由于发射和接受的都是红外线，所以不受可见光的干扰，保证了测量的准确可靠。

在《单片机应用系统设计与训练》了解到干扰是造成单片机应用系统故障的主要因素之一，所以在设计中考虑到尽量减少干扰的来源，并且进行软、硬件设计，保障系统能正常运行。

在《单片机原理及应用实验教程》认识到对转速表的转速计算及误差分析里涉及到利用频率测速法和周期测速法，利用门控方式和中断方式对高低转速进行计数。

我也是采用次方法对设计中输出的脉冲进行计数的，从而实现光电传输产生的脉冲与AT89C51单片机的接轨。
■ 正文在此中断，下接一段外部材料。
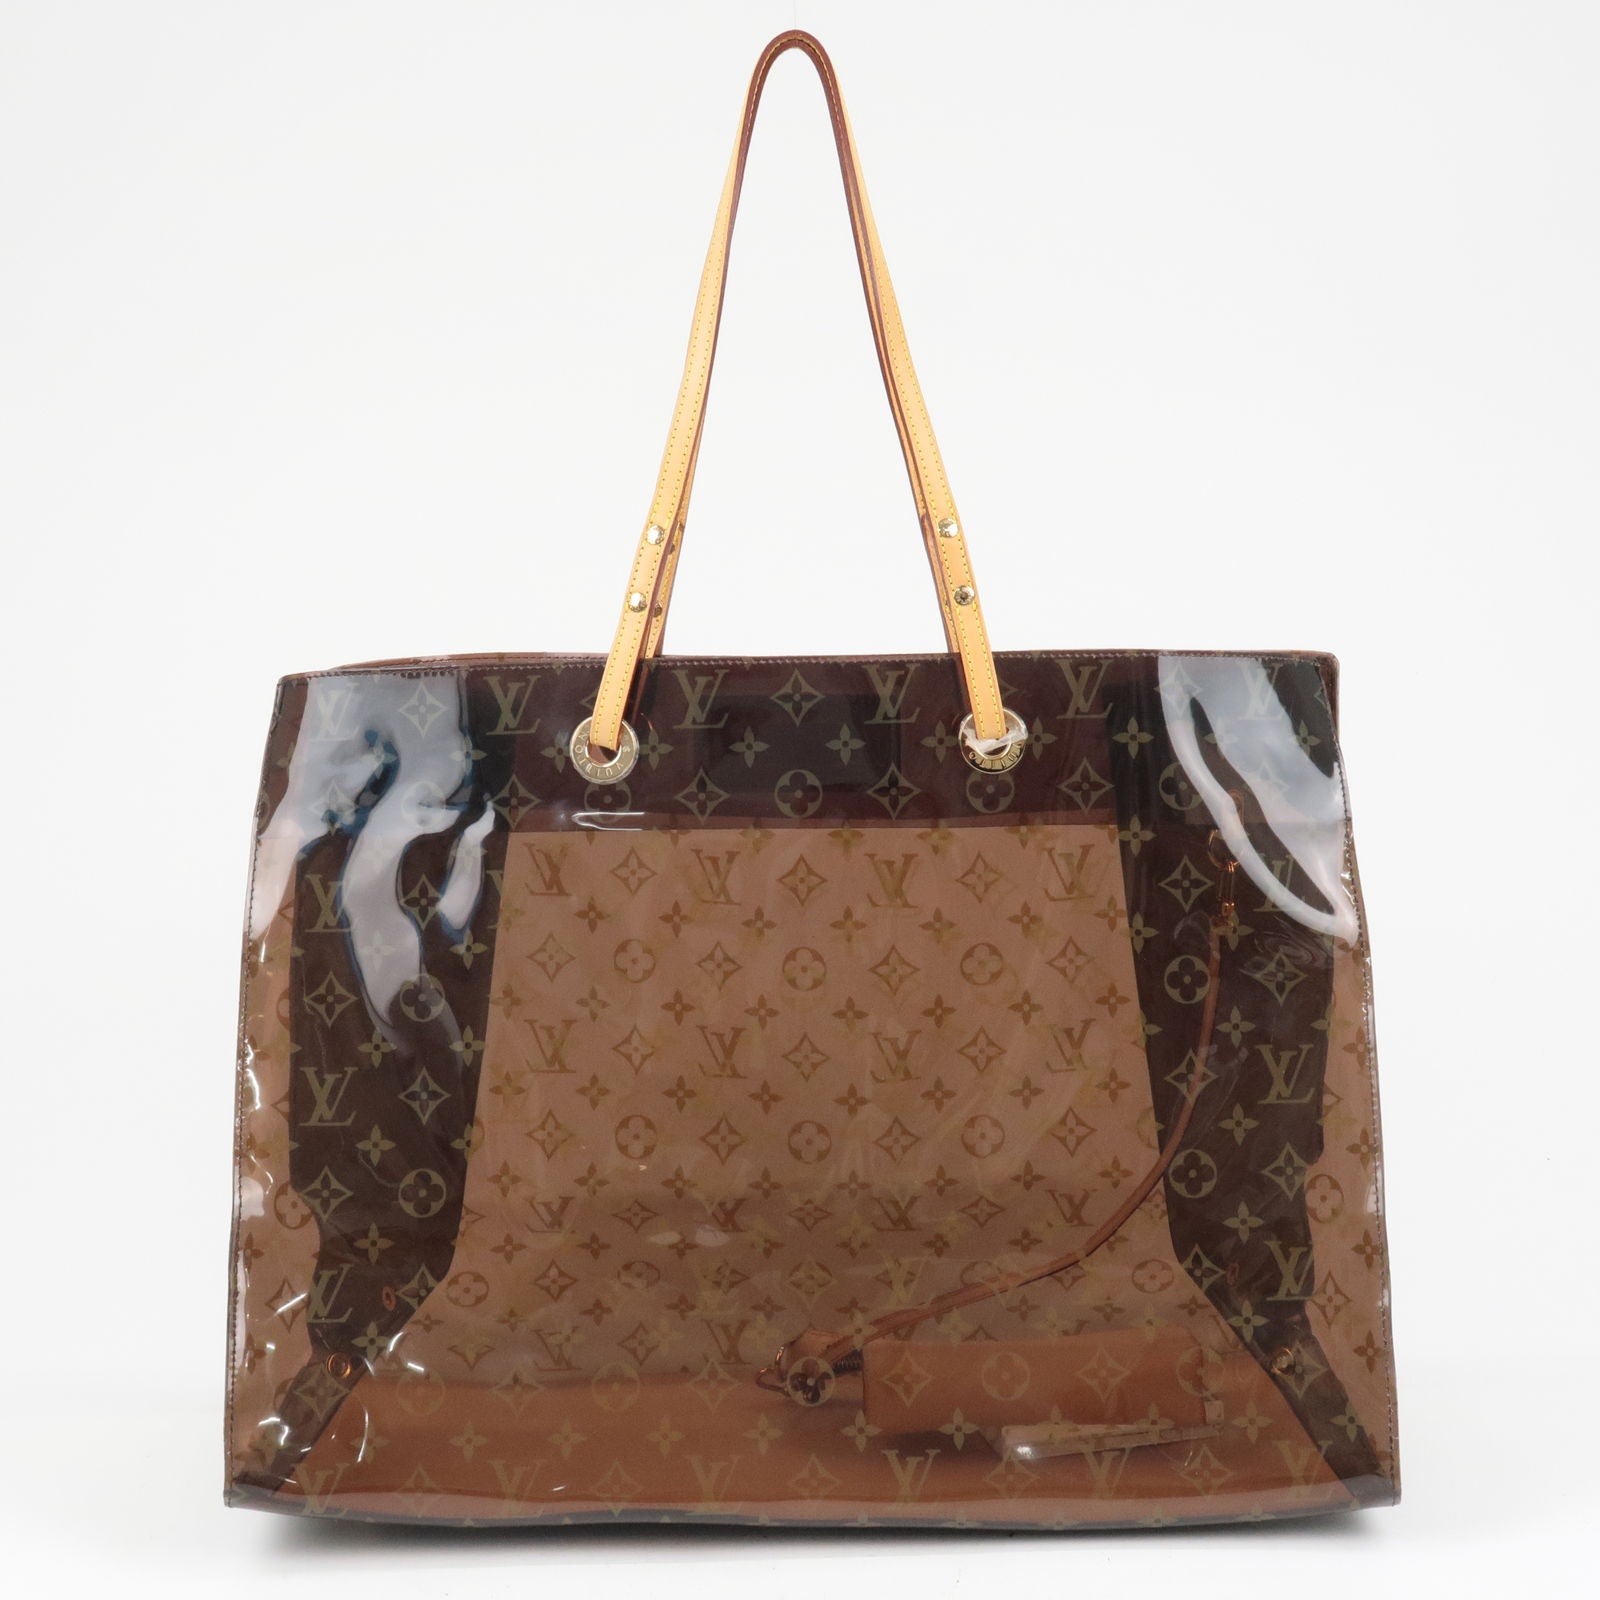 Vuitton - ep_vintage luxury Store - Tote - M50500 – dct - Cruise - Женская  сумка в стиле louis vuitton buci brown black - Louis - Cabas - Vinyl -  Monogram - B

在《单片机控制工程实践技术》中有关键盘设计的问题做了详细的说明。

在《单片机原理与应用》认识到：当一个单片机应用系统完成软硬件设计后，通常不可能一次成功，不可避免地要出现一些错误，这就需要系统调试。

另一方面如果单片机已正常工作过，在以后运行过程中出现了某些故障而导致系统失灵，查找并排除故障，使系统重新进入正常工作，这就要靠系统维护及维修来解决。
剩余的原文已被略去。